Canada blows. They have not created one original business, concept, art form, music, literature, machine, architecture in their entire impotent, polar existence. Their claim to fame is the dice roll of sharing a border with the United States Of America.
my conscience won’t let me rest without this one caveat: Canada DID take in American men who refused to be drafted into Robert Strange McNamara’s “police action” in Vietnam.
Wrong on all accounts. To quote Dylan Moran, “The reason everyone dislikes Americans—aside from everything they’ve done—is that their stupid people sound so stupid.”
The author of that article is rather confused: he states that the average effective rate is 27%, But then goes on to use the 35% number as if it were the actual fact. And yes, it would be nice to lower the statutory rate in exchange for fewer loopholes, but name me one loophole that actually has a chance of being closed.
Furthermore, I’ve seen estimates that the actual tax rate is as low as an average 14%. Also, this is dependent on the particular industry: utilities are taxed at a high rate (34%) and software firms average a much lower rate (9%) (by some calculations. But software companies can, in theory, move offshore, but utilities can’t: so the idea that the tax rate is causing companies to flee the US it bogus.
Consider the insanity of what you just described. Companies ARE fleeing the US. That is not bogus. It’s a fact. General Electric is now a French Company. Many companies maintain only small presences in the US and have moved much of their operations overseas. . . and it is mostly because of tax reasons. Income taxes are the least of the taxes that are chasing them out.
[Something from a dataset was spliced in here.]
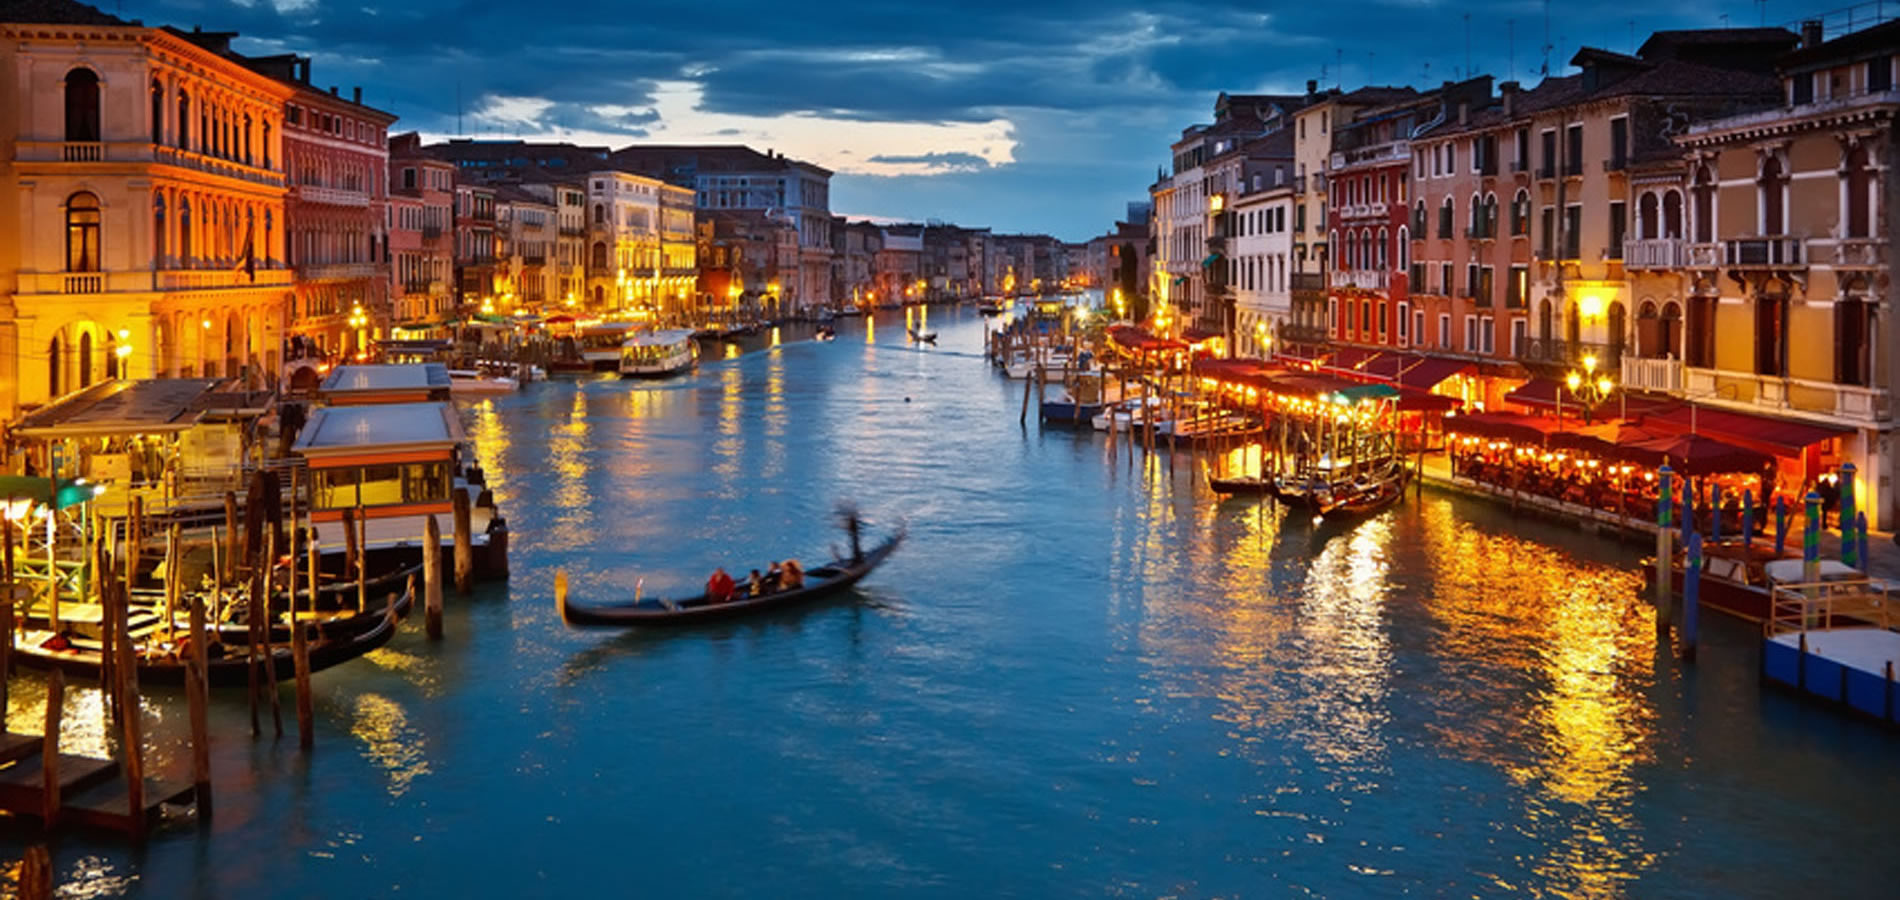 Uno stupendo scatto del Canal Grande di Venezia al tramonto
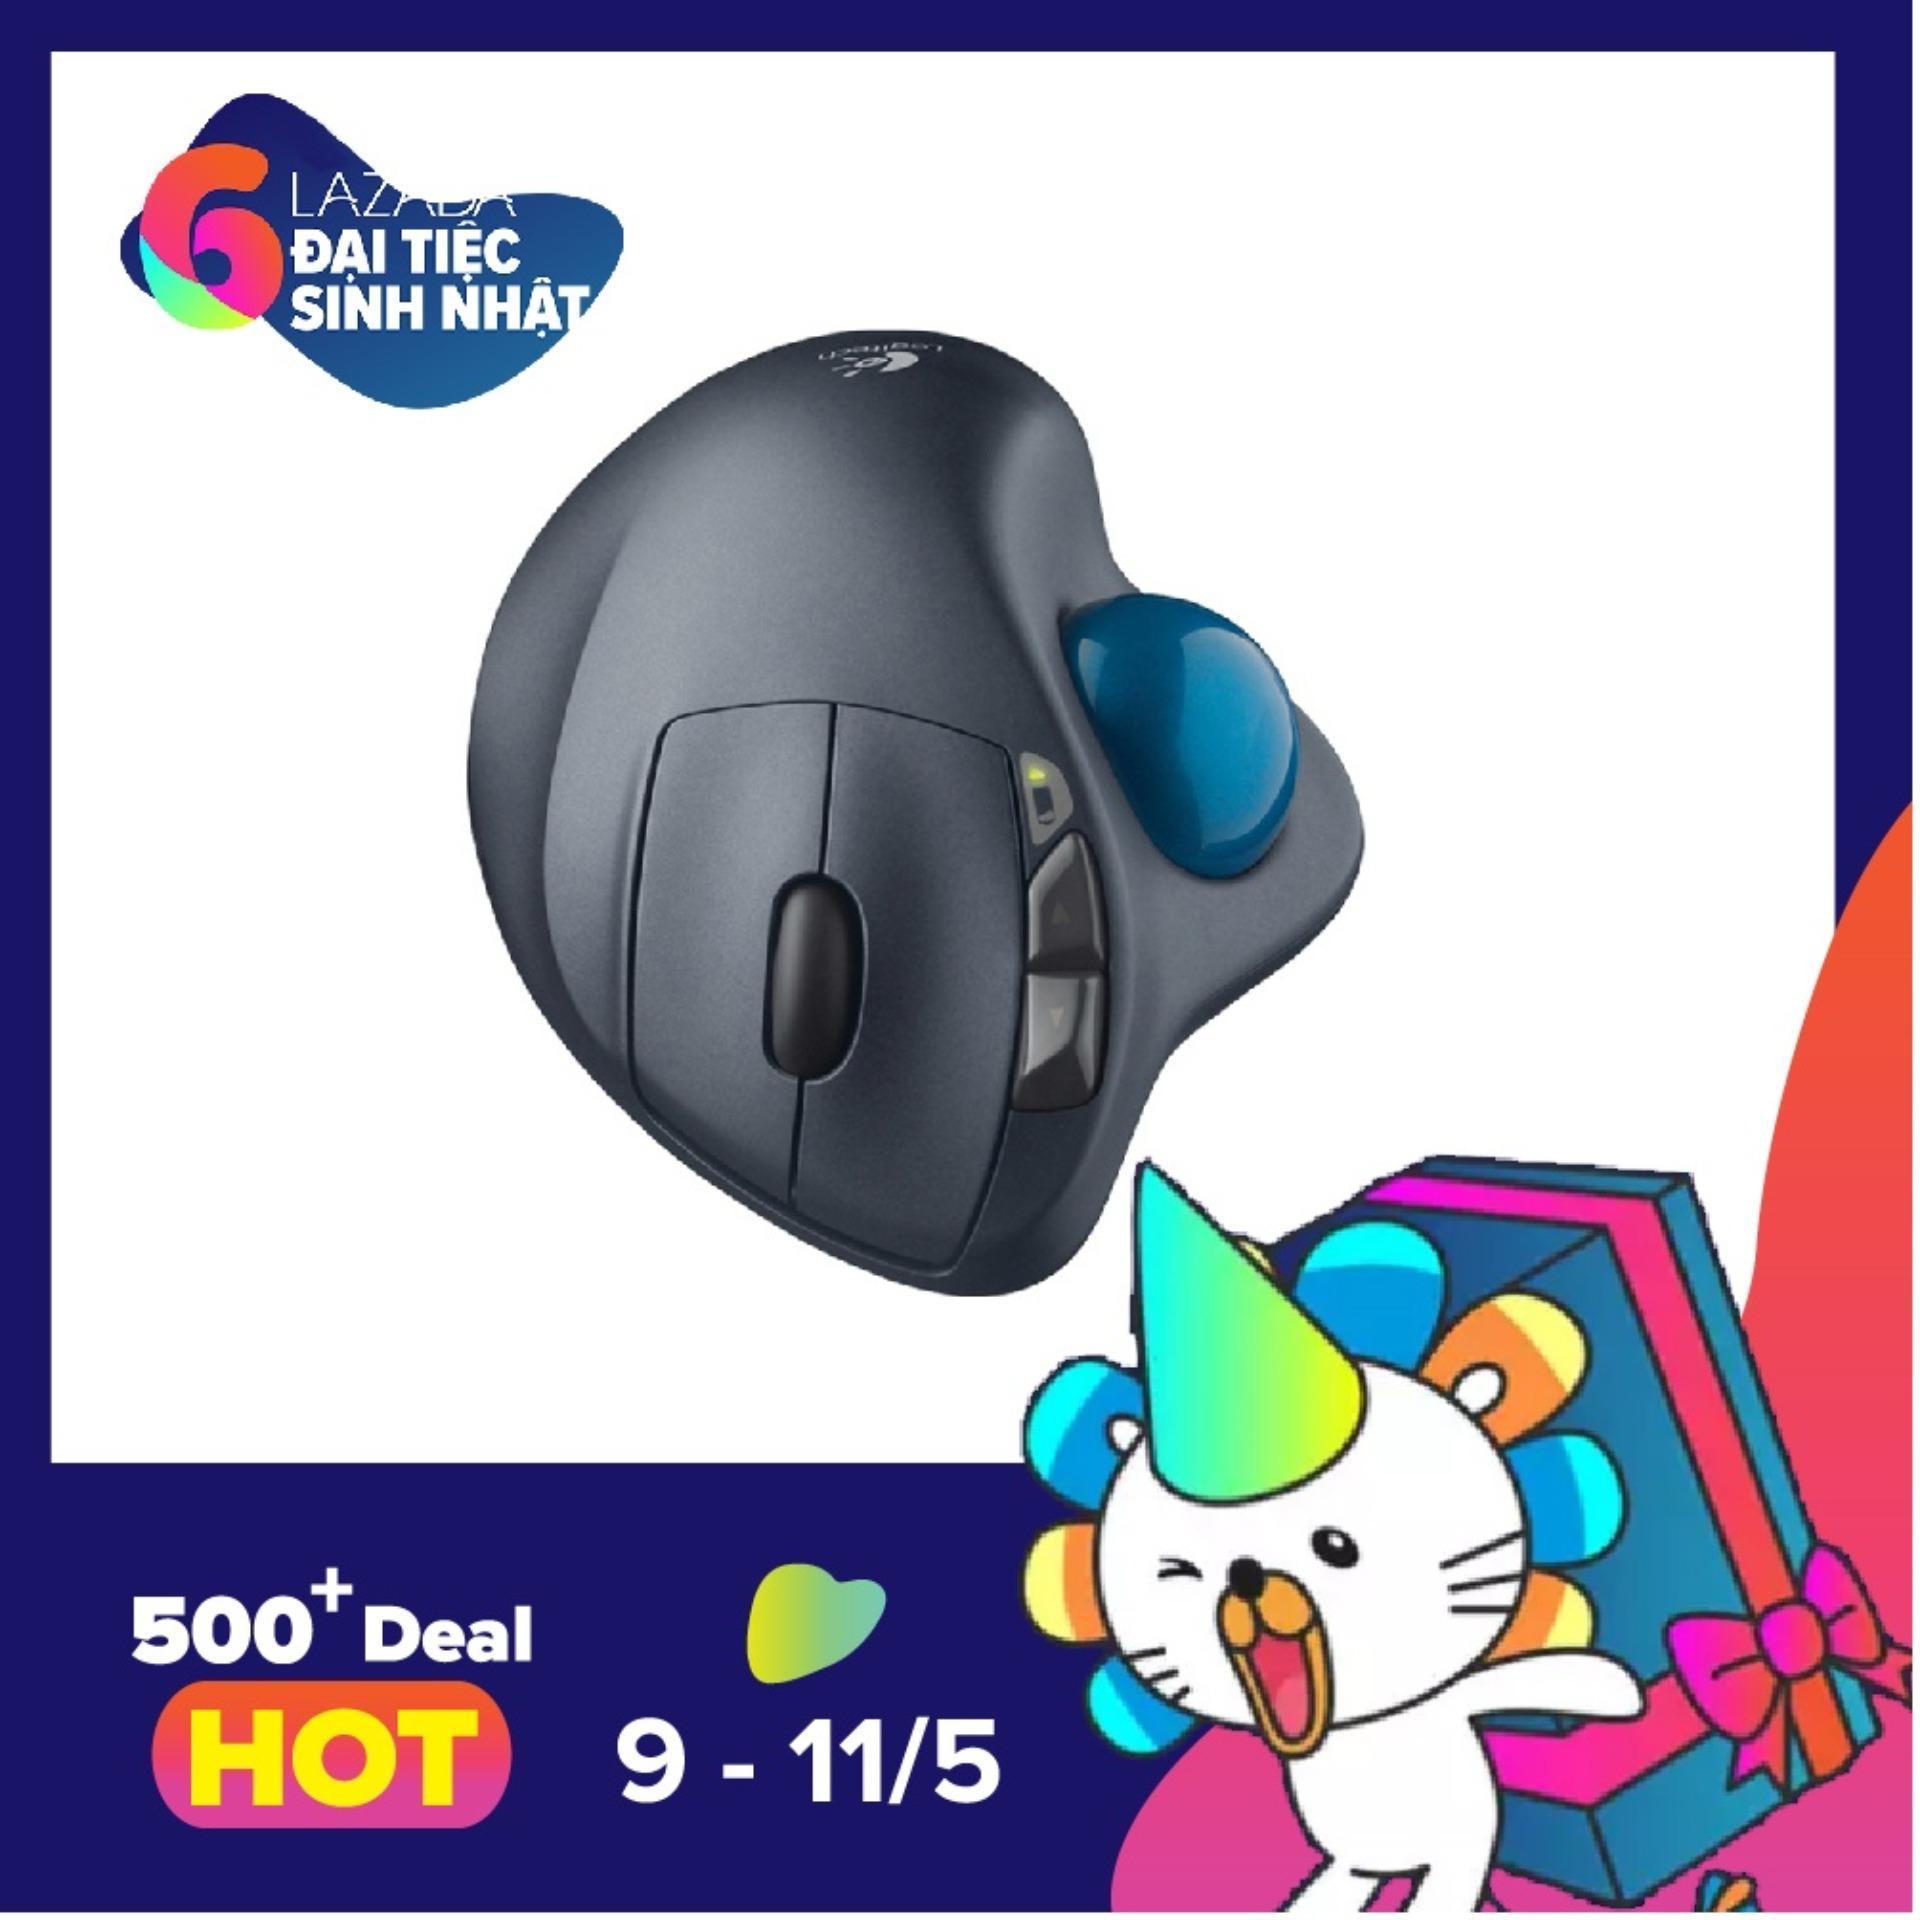 Bán Chuột Laser Khong Day Logitech Trackball M570 Đen Logitech Có Thương Hiệu

But to return to the insanity. The basic tax rate for corporations in the US is 35% but the Byzantine tax code results in what you wrote. The outcome varies according to a multitude of seta sides, some of which are industry, or even COMPANY specific, that should never have gotten into our tax code. . . but there they sit. Special favors for political cronies. There are tax breaks in the code that are written to benefit specific individuals. . . ABSURD! That is insane.